Easter has come and gone. The stories of those first sightings of Him alive are fresh in our minds, as we have celebrated them with sermons and songs and dramatic presentations.
Jesus showed Himself with many “infallible proofs” wrote Luke in Acts 1:3. These appearances happened over 40 days between the tomb and the Ascension. Then, He went up through the clouds.
What were the disciples to do now? Christ would send the Spirit. His coming was to guide them into all truth. And the big truth for the early disciples was this: “Remember Jesus Christ, risen from the dead.” Paul wrote this because he learned this from the ones who first saw Him.
Jesus appeared to those witnesses with a renewed body. His marred visage and the wounds from the Roman scourging were gone. His was a body of flesh and bone. He invited the disciples to handle Him. He ate a hunk of fish and bit of honeycomb (see Luke 24).

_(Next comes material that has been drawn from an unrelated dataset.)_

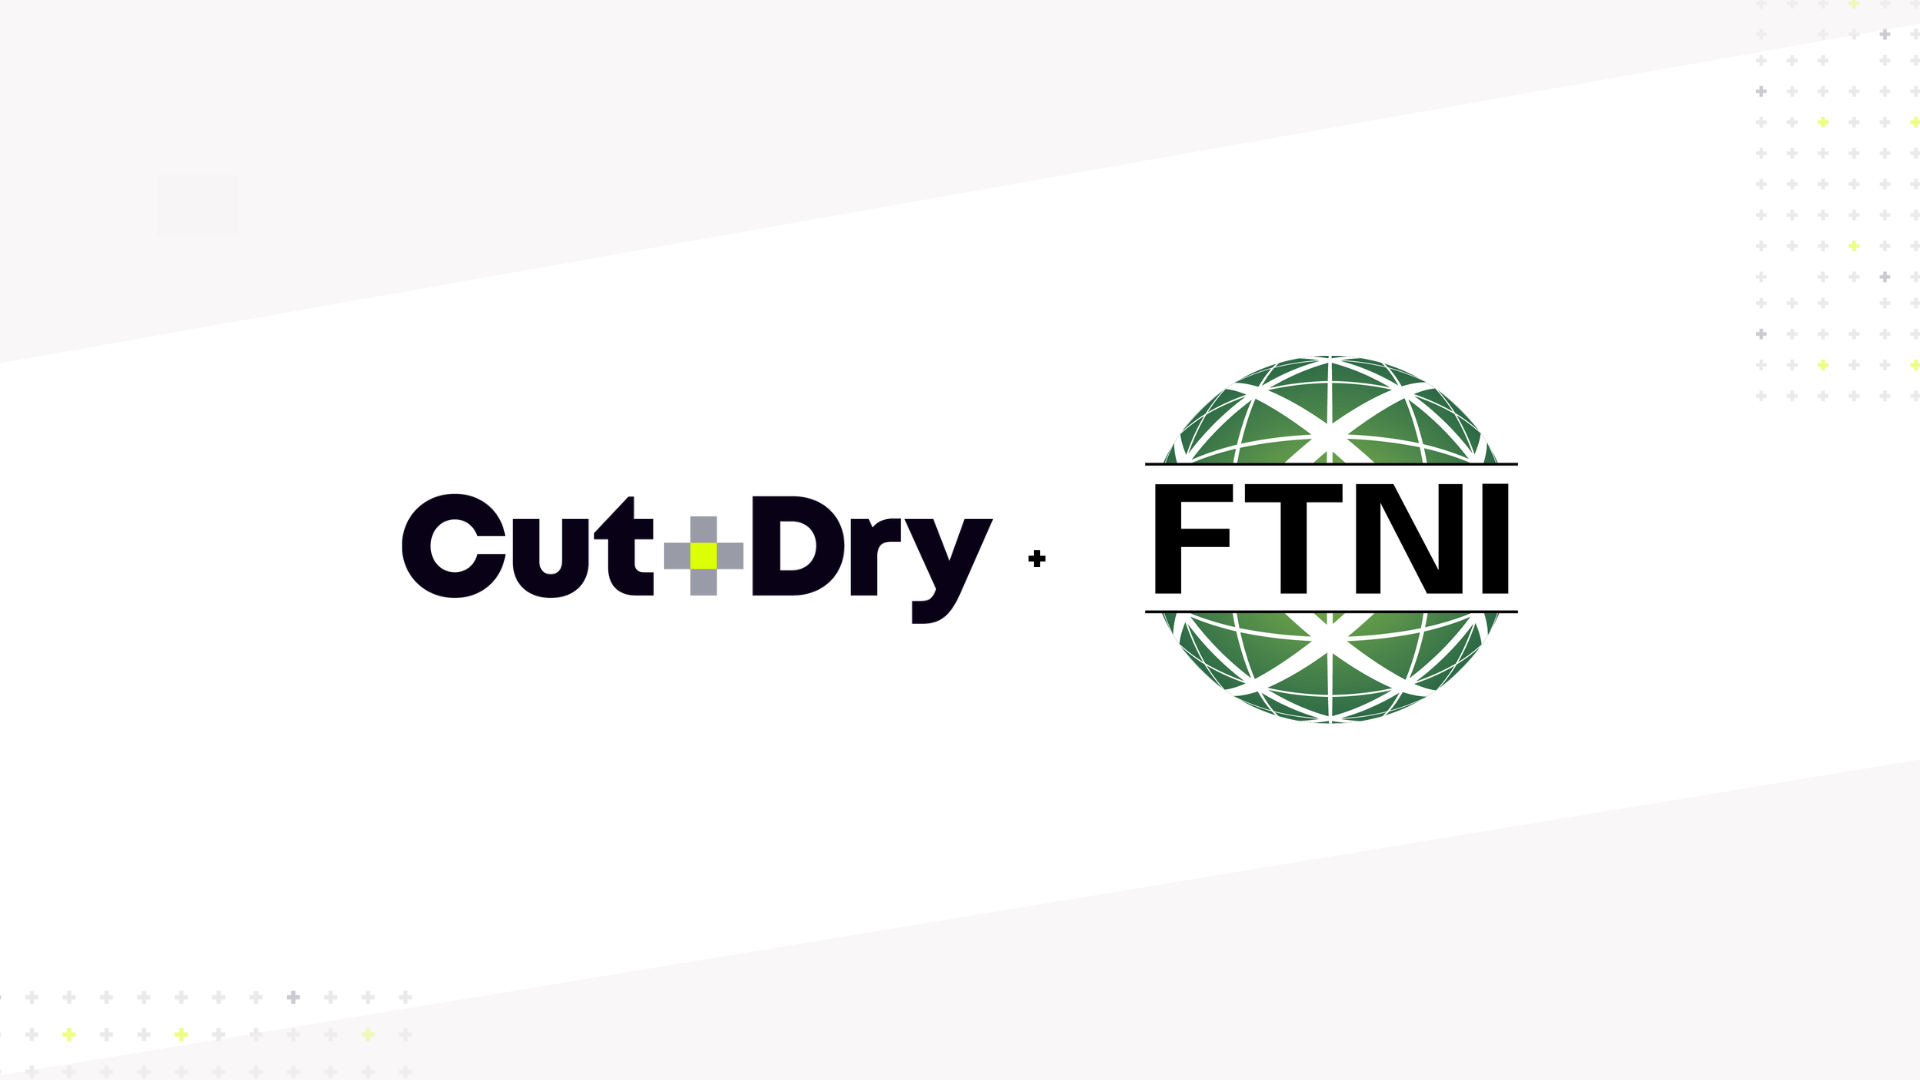 image of FTNI and Cut+Dry join exclusive partnership
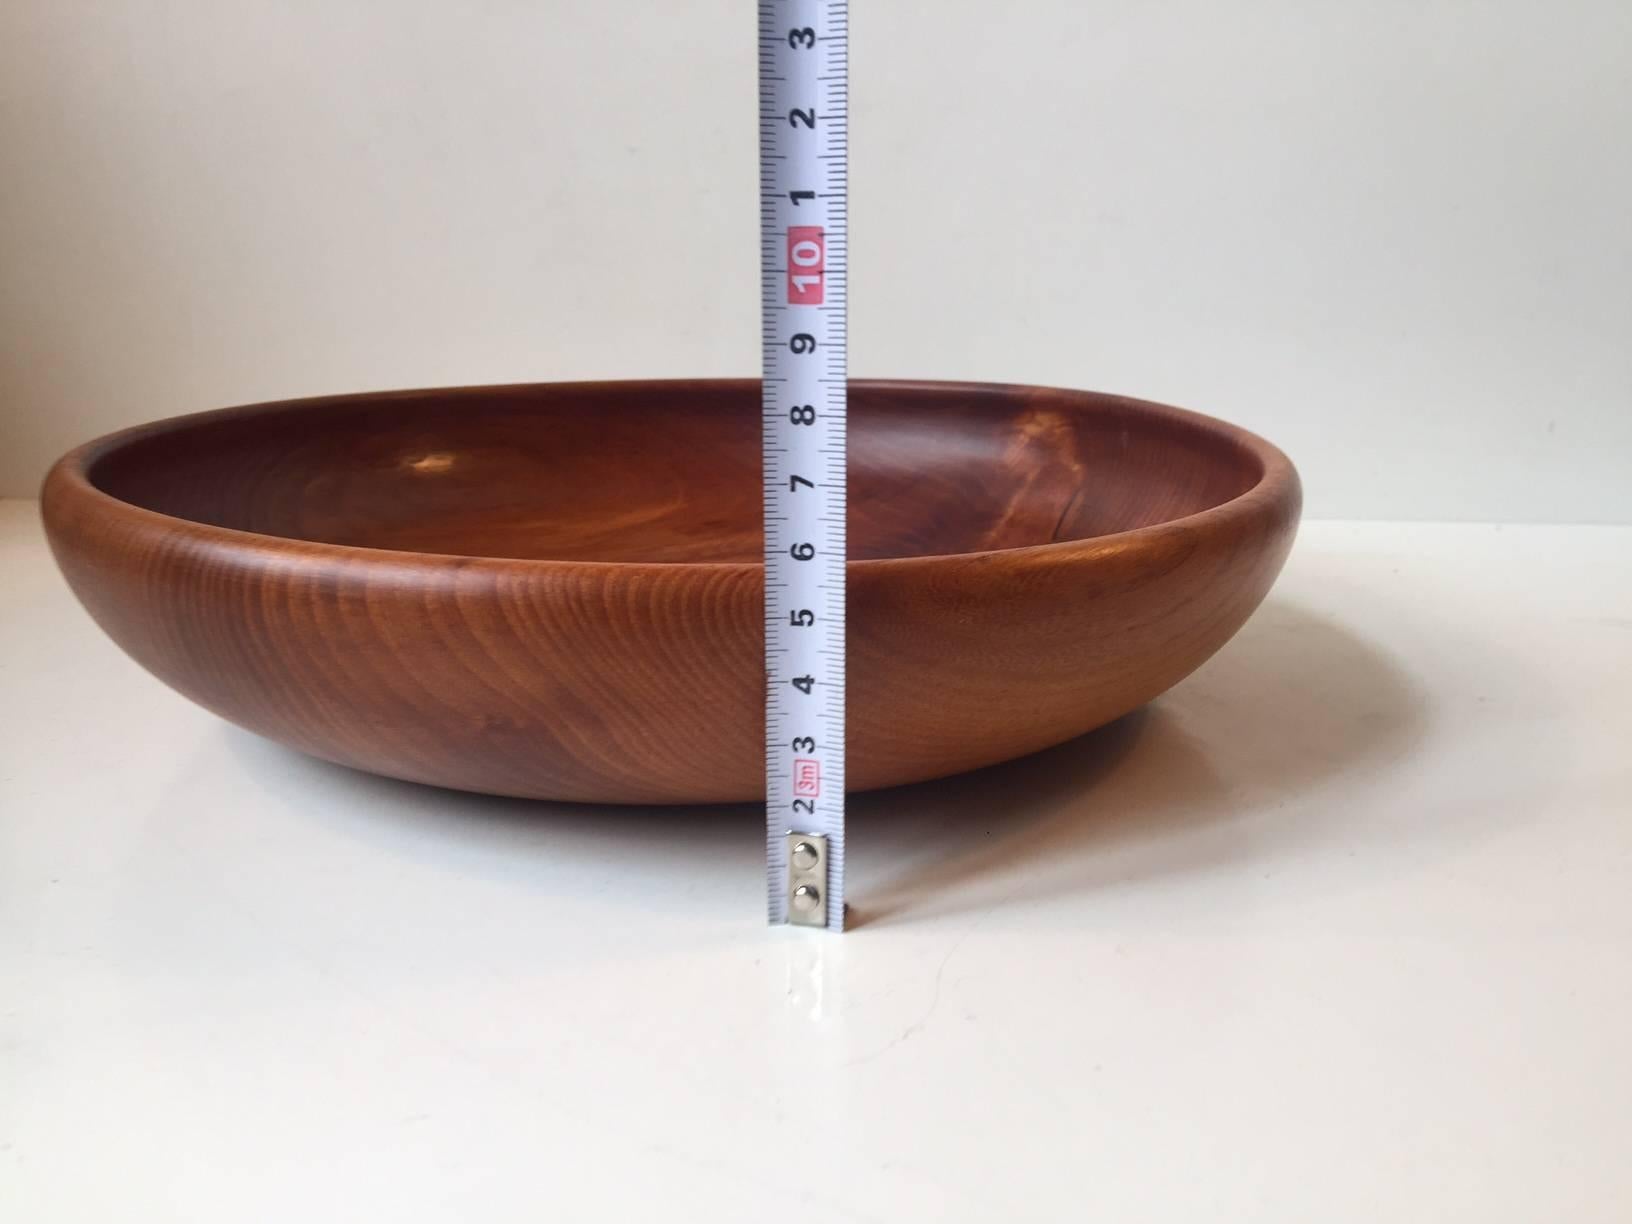 Handmade bowl of solid Siamese teak with emphasis on the beautiful grains. Manufactured and designed by Kay Bojesen in his workshop in Copenhagen during the 1950s. It is stamped Kay Bojesen, Mønsterbeskyttet (patented), Denmark.

The scars that remained were the ones on His hands, feet, and side. Thomas had to see those scars and feel them, before he would believe. Jesus answered that unbelief and Thomas exclaimed, “My Lord and my God.”
Yes, Jesus is Lord and God — our Lord and our God. And the promise of the Resurrection is that we shall be just like Him.
“Beloved, we are God’s children now, and what we will be has not yet appeared; but we know that when He appears we shall be like Him, because we shall see Him as He is” (1 John 3:2 ESV).
Glory Potential
God formed man to be filled with His breath as living souls and filled with His Spirit to be Holy Temples. This was the original design. The death of Christ on the Cross paid for our sins and removed the sting of death, which is the wages of sin. In offering His perfect life for us, Jesus restored us to full glory potential.
Moses’ story gives us an indication of what we’re really made for. Look at Exodus 3. The Lord revealed Himself as fire in a bush. The glory of flame was there, but the bush remained intact. It was not turned to ash. It burned bright with the Light. Moses wondered at the sight of this and came close, near enough to see and to hear the Voice of God. The presence of holiness had made the bush a tree of life.
Notice how the Lord instructed Moses: “Take your sandals off your feet, for the place on which you are standing is holy ground” (Exodus 3:5). As He did with the bush, God enveloped Moses, but did not consume him. The shoes were to come off so this man could feel the holiness that was there. The Lord would meet Joshua, the successor to Moses as Israel’s leader, and tell him to do the same thing: “Take off your sandals from your feet, for the place where you are standing is holy. And Joshua did so” (Joshua 5:15).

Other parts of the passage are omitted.